# HELP-5 week low weight, newbie



## Dmall123 (Mar 6, 2013)

Hello,
I just got a 5 week old cockatiel. I have never hand fed, but have had them as pets. Recently, I purchased a breeding pair. Since I haven't hand fed before, I thought this 5 week old would be perfect for me to start hand feeding. Plus, I wanted a pet cockatiel. This baby is incredibly sweet, has all of his feathers and very active. He already wants to be with me all of the time and stays on my shoulder. I got him Friday night, and was told that he is on a 2/day feeding. 

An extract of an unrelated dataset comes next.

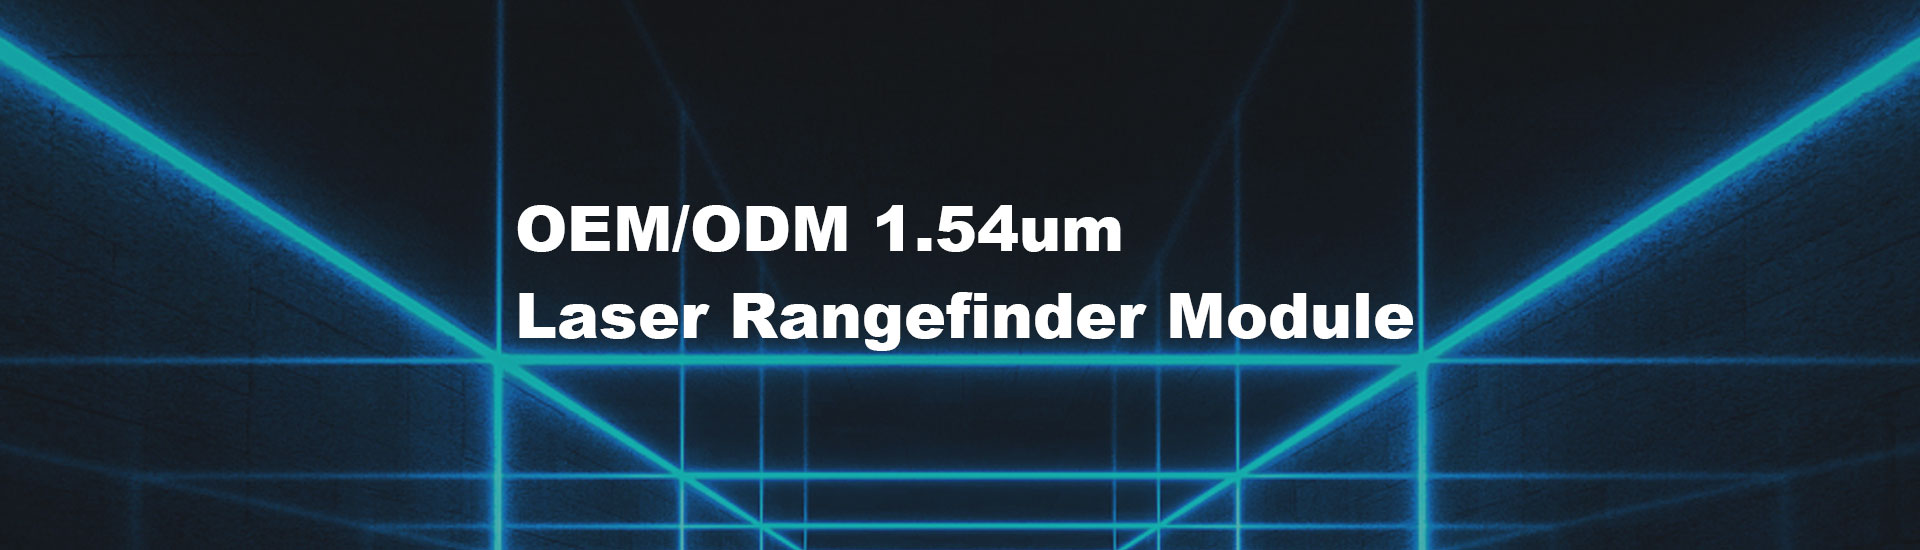 15km  Laser Rangefinder

After reading lots of info on this forum and other sites, I saw a chart where the minimum weight should be 80 grams. I weighed him Saturday night and he was 65 grams. I fed him twice on Saturday. Since I should weigh him in the morning, I tried not to be too concerned; however, yesterday morning, he weighed 55 grams. Then, this morning, he weighed 50 grams. He cried a lot for food yesterday, so I fed him 3 times. Since he obviously has a healthy appetite, is it okay to feed him 4 0r 5 times (whenever he cries)? On average, he consumes 6-8cc per feeding. I use a syringe.

Another concern of mine is that I don't know how to determine the correct feel of the crop. I do feel the puffiness after he eats. How much is too much??? How do I find info on the correct size or feel of the crop. And, also, I did weigh him about an hour after his morning feeding, and he had gained 5 grams. I ship packages daily, so I am pretty sure that my scale is correct.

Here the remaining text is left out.